1) 3.0g of Ga2O3 was added to excess HCL to form GaCl3 and water. After
purification and drying, the mass of GaCl3 was found to be 3.5g.
Calculcate the percentage yield of the experiment.
2) When 0.1357g of copper (II) sulfate hydrate (CuSO4.xH2O) is heated in
air, it loses its water of crystallisation to form 0.0867g of
anyhydrous white copper sulfate crystals. Determine the number of water
molecules per mole of copper (II) sulfate hydrate
3) 10cm^3 of a hydrocarbon, CxHy were exploded with 100cm^3 of oxygen.
The volume of the resulting gas mixture was 80cm^3. When the product was
treated with aqueous sodium hydroxide, the resulting volume was 50cm^3.
All gaseous volumes were measured under room temperatures and pressure.
What is the molecular formula of the hydrocarbon?
4) A 2.00g of limestone is allowed to react with 100cm^3 of 0.200
mol/dm^3 H2SO4. The excess acid required 12.40cm^3 of 0.100 mol/dm^3
NaOH for neutralisation. Calculate the percentage of calcium carbonate
in the limestone
Originally posted by Dylanwinds:1) 3.0g of Ga2O3 was added to excess HCL to form GaCl3 and water. After purification and drying, the mass of GaCl3 was found to be 3.5g. Calculcate the percentage yield of the experiment.
2) When 0.1357g of copper (II) sulfate hydrate (CuSO4.xH2O) is heated in air, it loses its water of crystallisation to form 0.0867g of anyhydrous white copper sulfate crystals. Determine the number of water molecules per mole of copper (II) sulfate hydrate
3) 10cm^3 of a hydrocarbon, CxHy were exploded with 100cm^3 of oxygen. The volume of the resulting gas mixture was 80cm^3. When the product was treated with aqueous sodium hydroxide, the resulting volume was 50cm^3. All gaseous volumes were measured under room temperatures and pressure. What is the molecular formula of the hydrocarbon?

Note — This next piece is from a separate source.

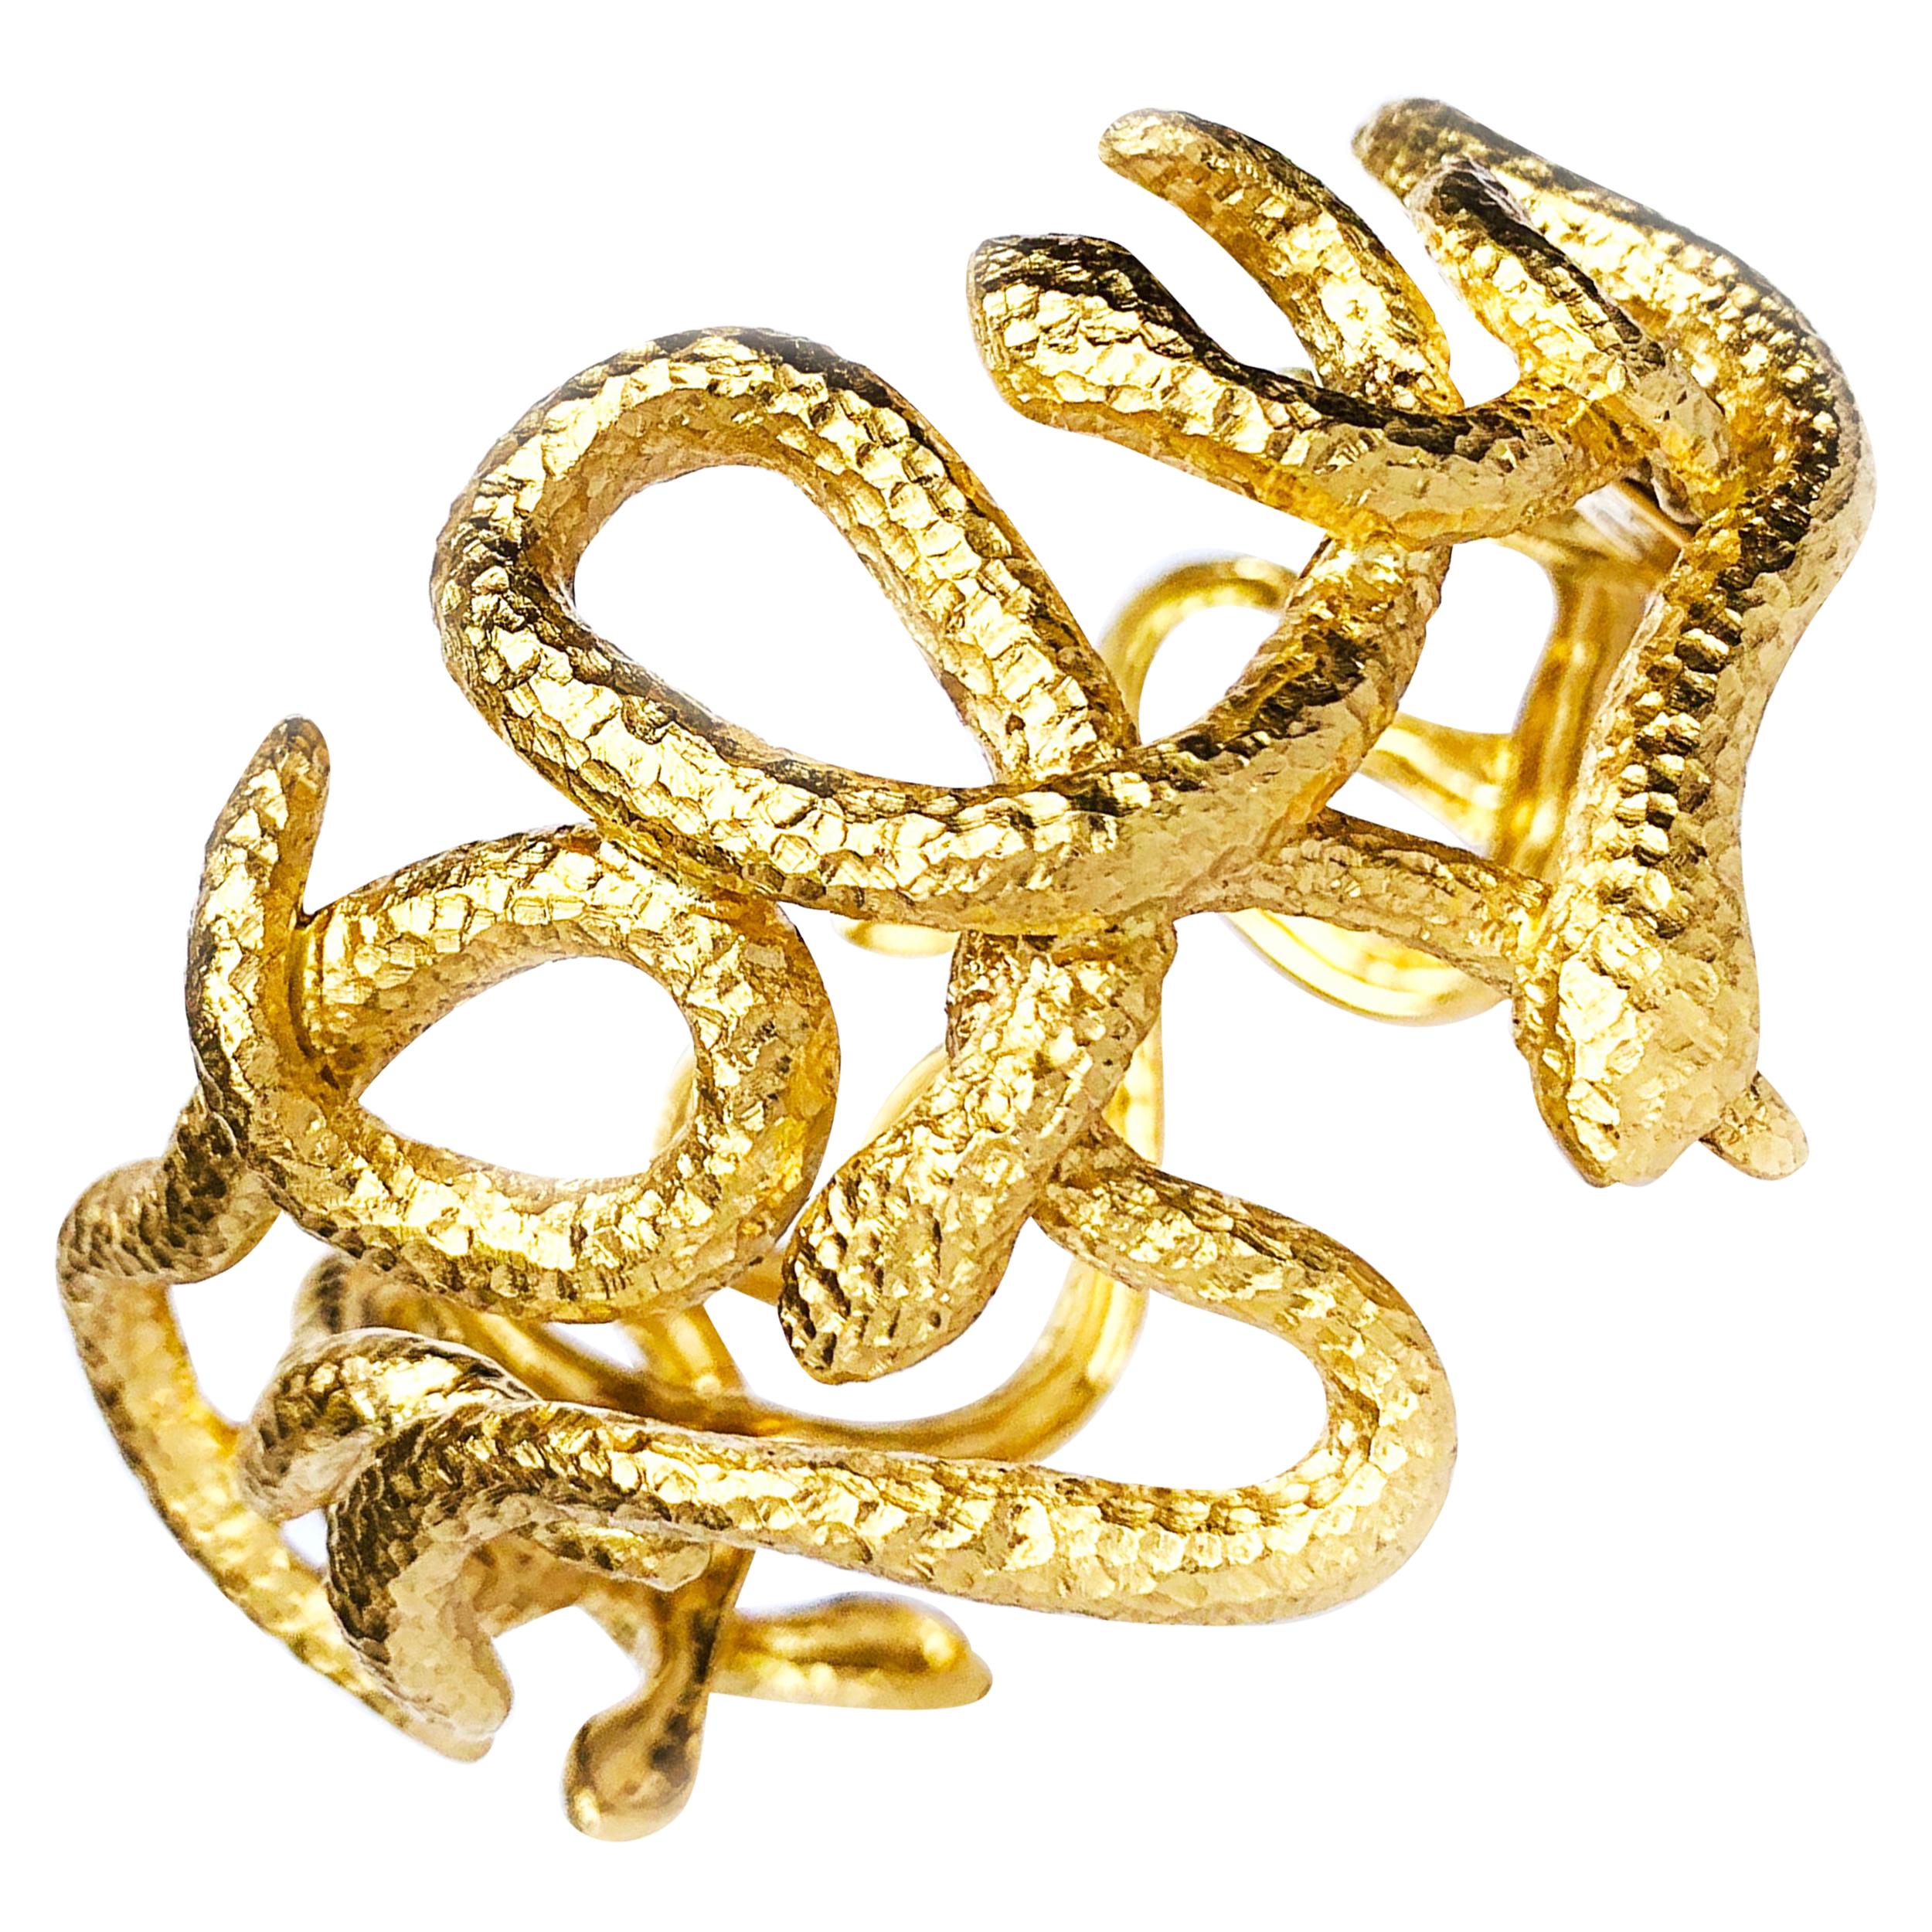 Contemporary Diamond Coiled Serpent Bracelet For Sale at 1stDibs

4) A 2.00g of limestone is allowed to react with 100cm^3 of 0.200 mol/dm^3 H2SO4. The excess acid required 12.40cm^3 of 0.100 mol/dm^3 NaOH for neutralisation. Calculate the percentage of calcium carbonate in the limestone
Q1. Write the balanced equation. From sample mass of reactant, find moles of reactant, hence apply stoichiometry to find expected moles of product, then convert to expected sample mass of product. Take actual sample mass of product, divided by expected sample mass 3.0g of product.
Q2. Find moles of hydrate CuSO4.xH2O in terms of x (ie. sample mass / molar mass). From sample mass of anhydrate, find moles of anhydrate. This is also the number of moles of the hydrate. Equate the two moles (anhydrate as number, hydrate in terms of x) to solve for x.
Q3. Write the balanced equation for combustion of hydrocarbon, in terms of x and y. 80-50=30cm3 was CO2 (since 2OH- + CO2 --> CO3 2- + H2O). 10cm3 of CxHy generated 30cm3 of CO2, hence x = 3. At rtp, H2O is liquid. Hence the remaining 50cm3 must have been excess O2. Hence you know how much O2 was used up (per 10cm3 of CxHy). Hence, applying stoichiometry of the balanced combustion equation, already knowing x, you can solve for y (since the coefficient of O2 used in the balanced equation is in terms of x and y).
Q4. For this qn, H2SO4 is considered a strong diprotic acid. From moles of OH- used, you can find moles of H+ in excess. Hence find moles of H+ which reacted (ie. take total moles of H+ from H2SO4, minus away moles of H+ in excess) with the CaCO3, hence apply stoichiometry to calculate moles of CO3 2- (note that CO3 2- is a diprotic base), which is the same as moles of CaCO3. Then convert the moles of sample mass. Take this actual sample mass, divided by actual sample mass 2.0g.